Leave the images aside and repeat the whole listing exactly.

→ AVAILABLE DATA:
◇ ◇ ◇ ◇
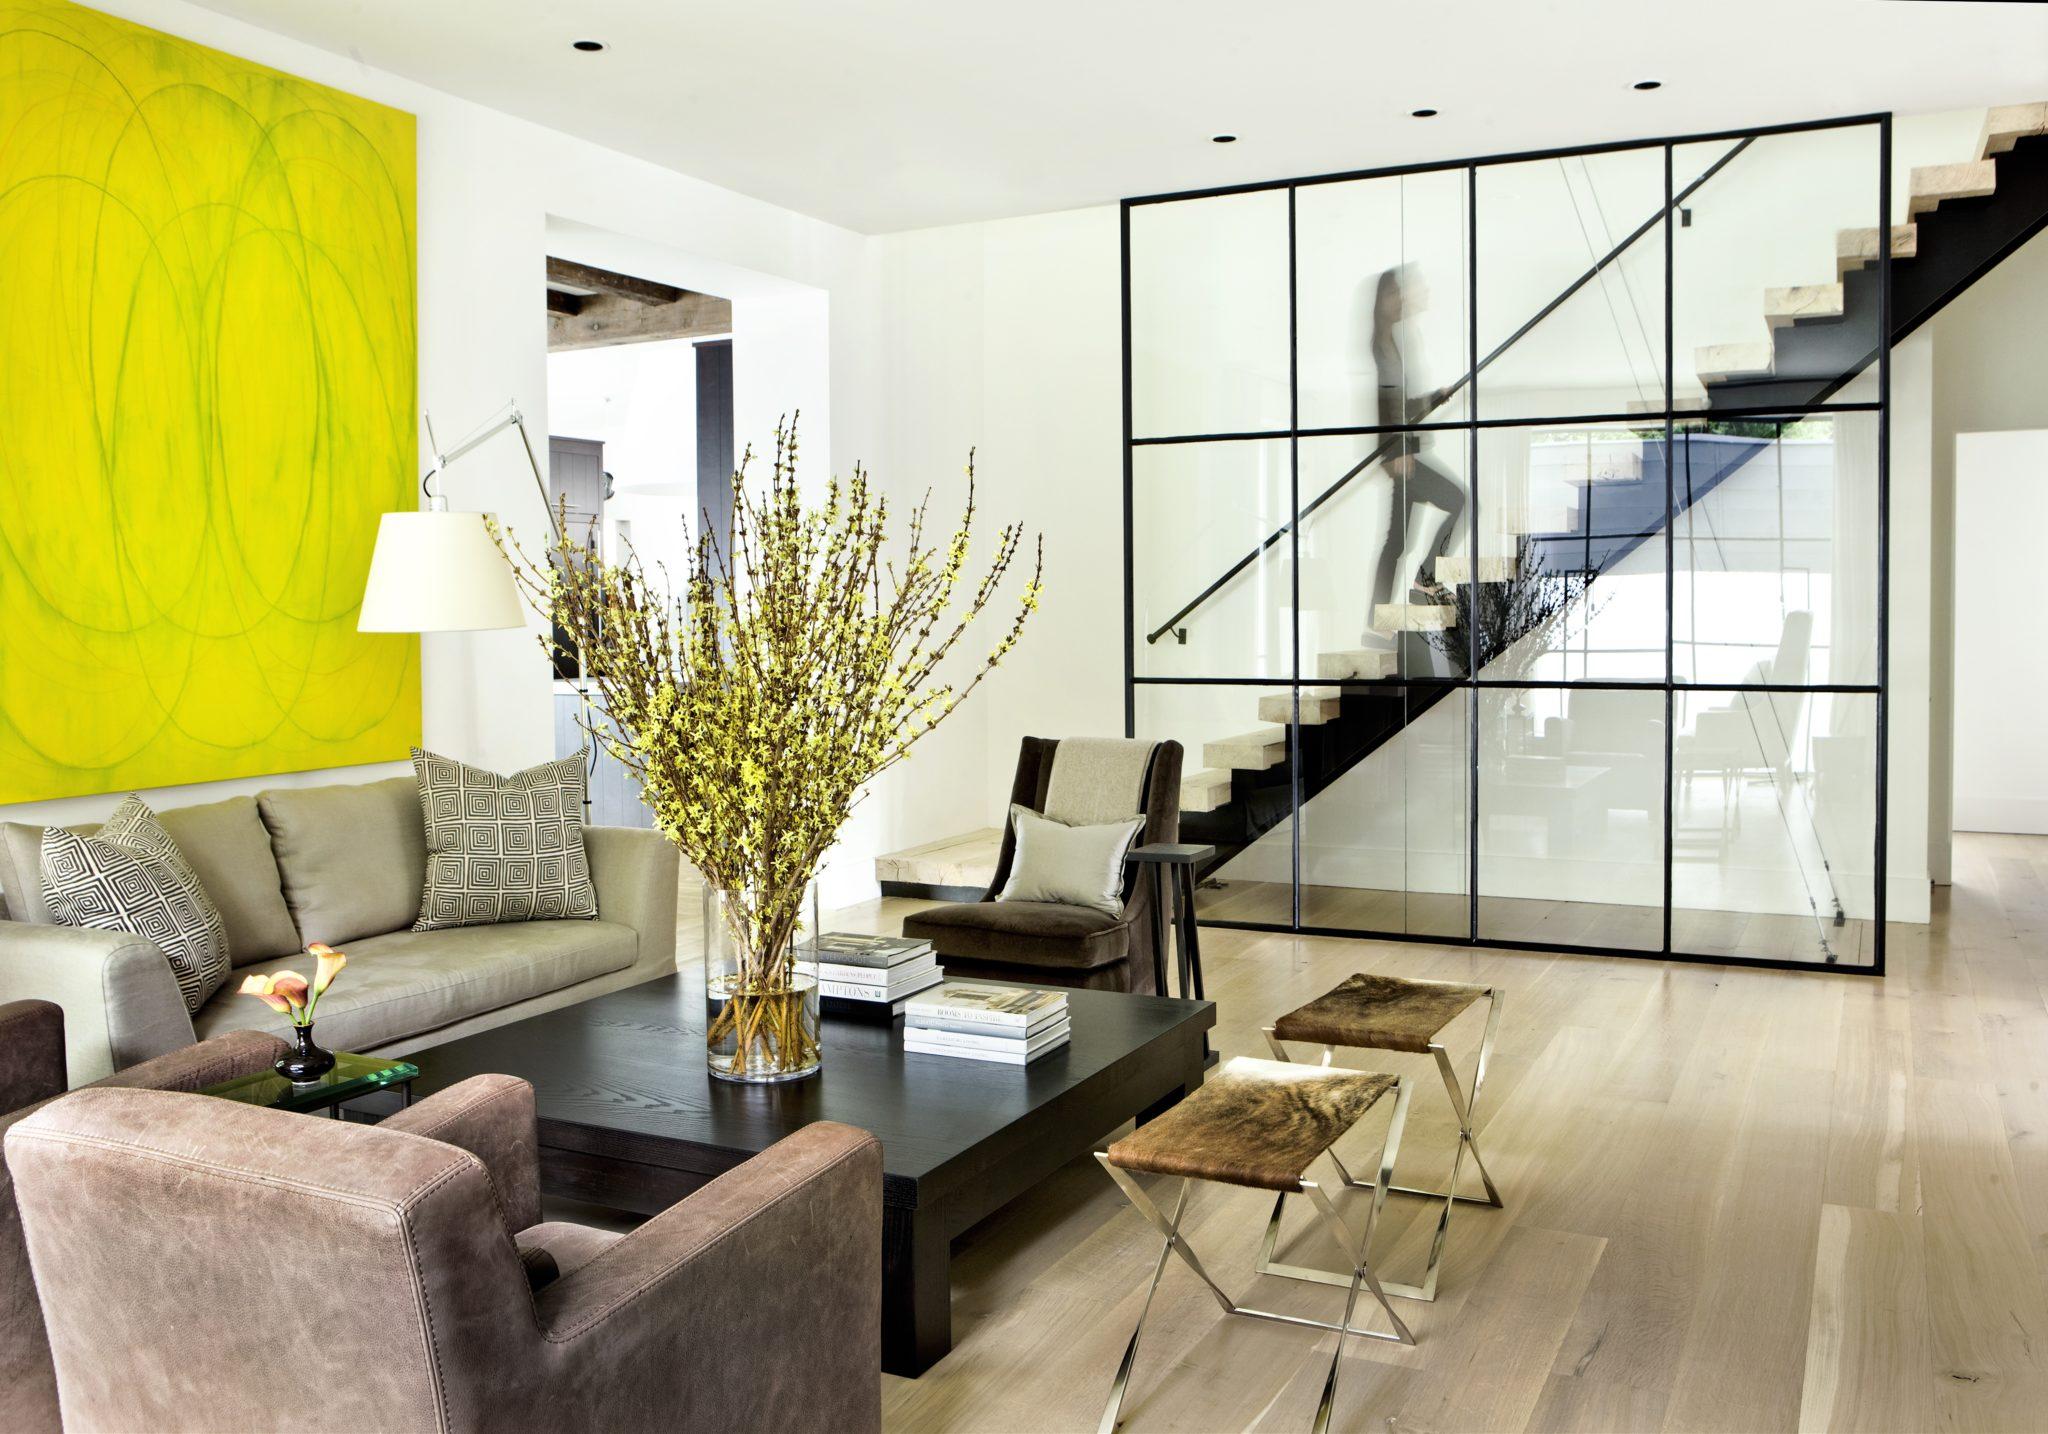 Interior design by Amy Morris
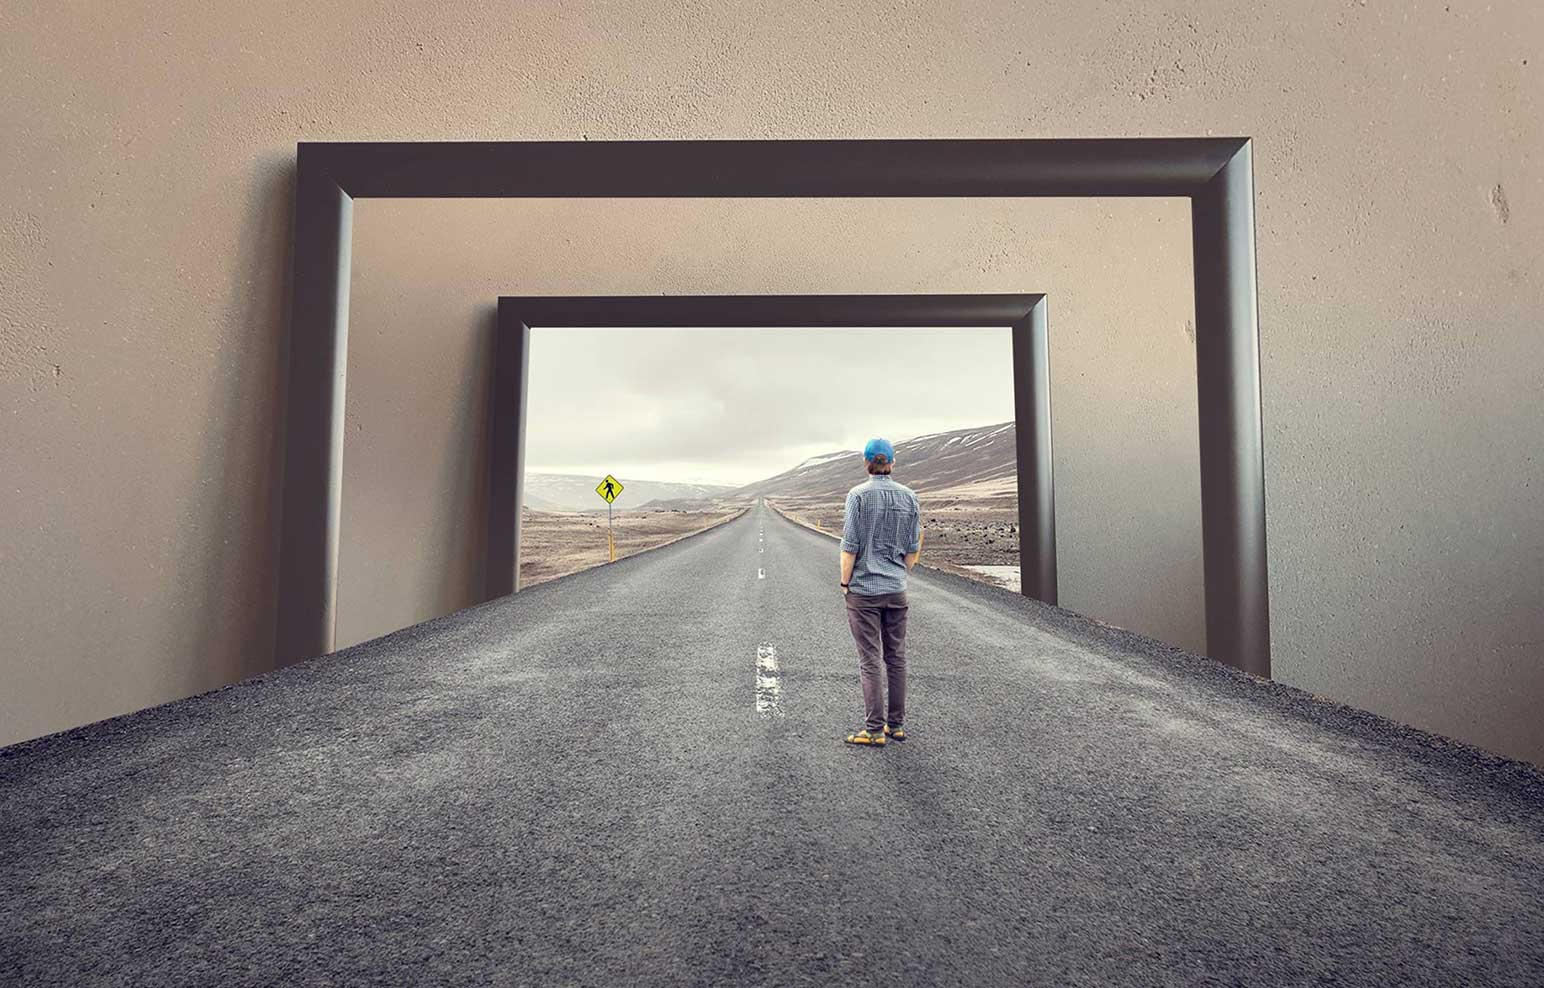 Paradoksalna fotografija kreirana vo Fotosop - Graficki dizajn, Парадоксална фотографија креирана во Фотошоп - Графички дизајн
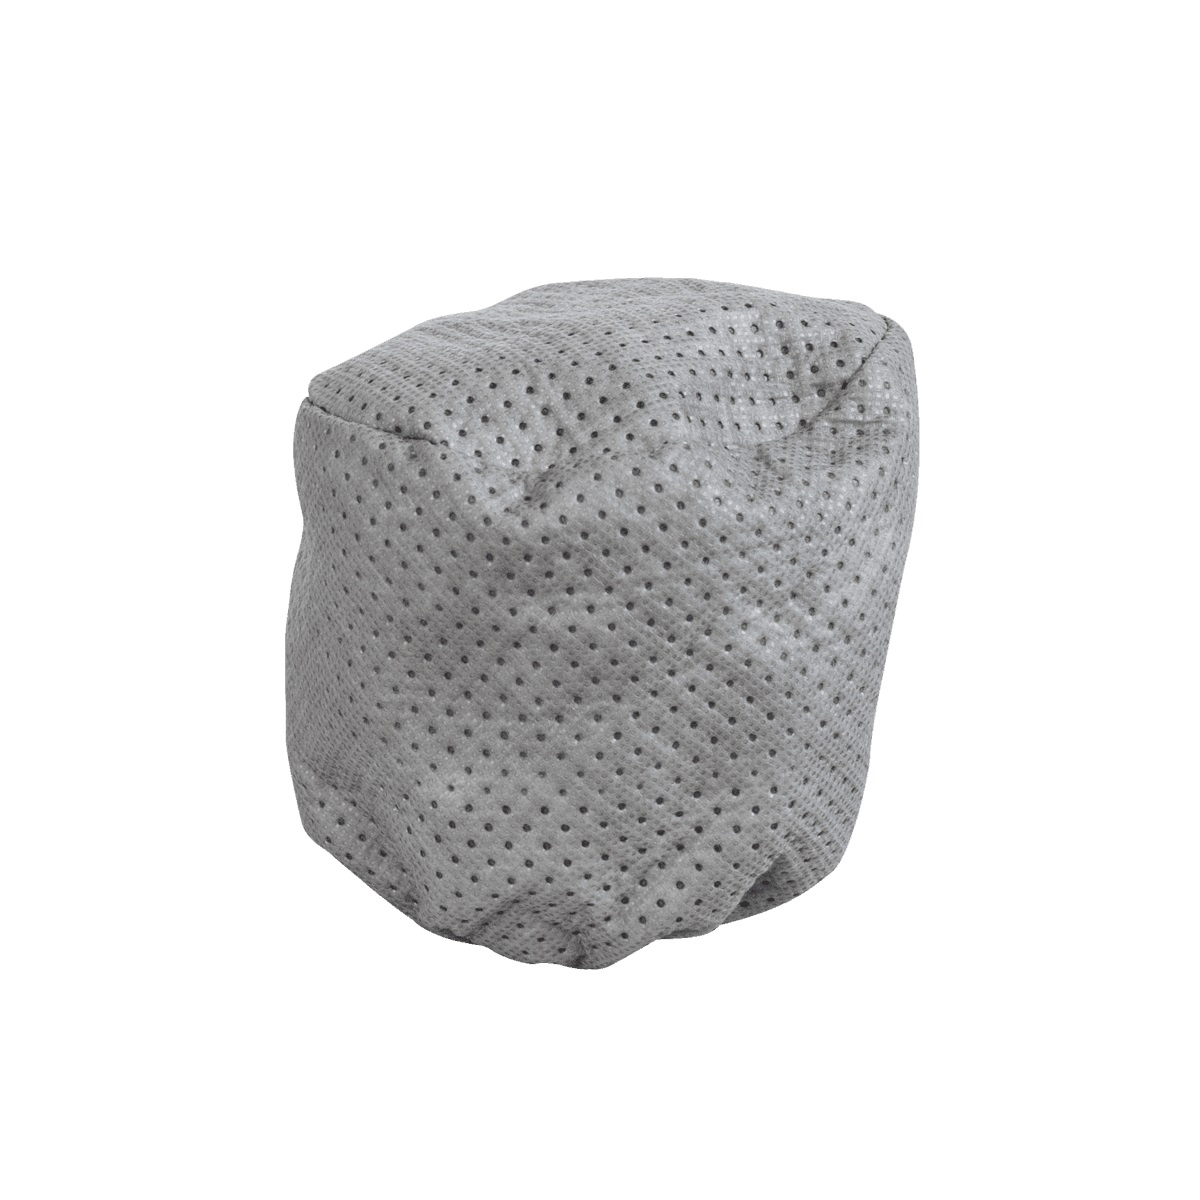 Scheppach Látkový filtr pratelný (sada 6 ks) pro ASP 15-ES, ASP 20-ES, ASP 30-ES
◇ ◇ ◇ ◇
→ SOLUTION TO THE EXERCISE:
 Interior design by Amy Morris
 Paradoksalna fotografija kreirana vo Fotosop - Graficki dizajn, Парадоксална фотографија креирана во Фотошоп - Графички дизајн
 Scheppach Látkový filtr pratelný (sada 6 ks) pro ASP 15-ES, ASP 20-ES, ASP 30-ES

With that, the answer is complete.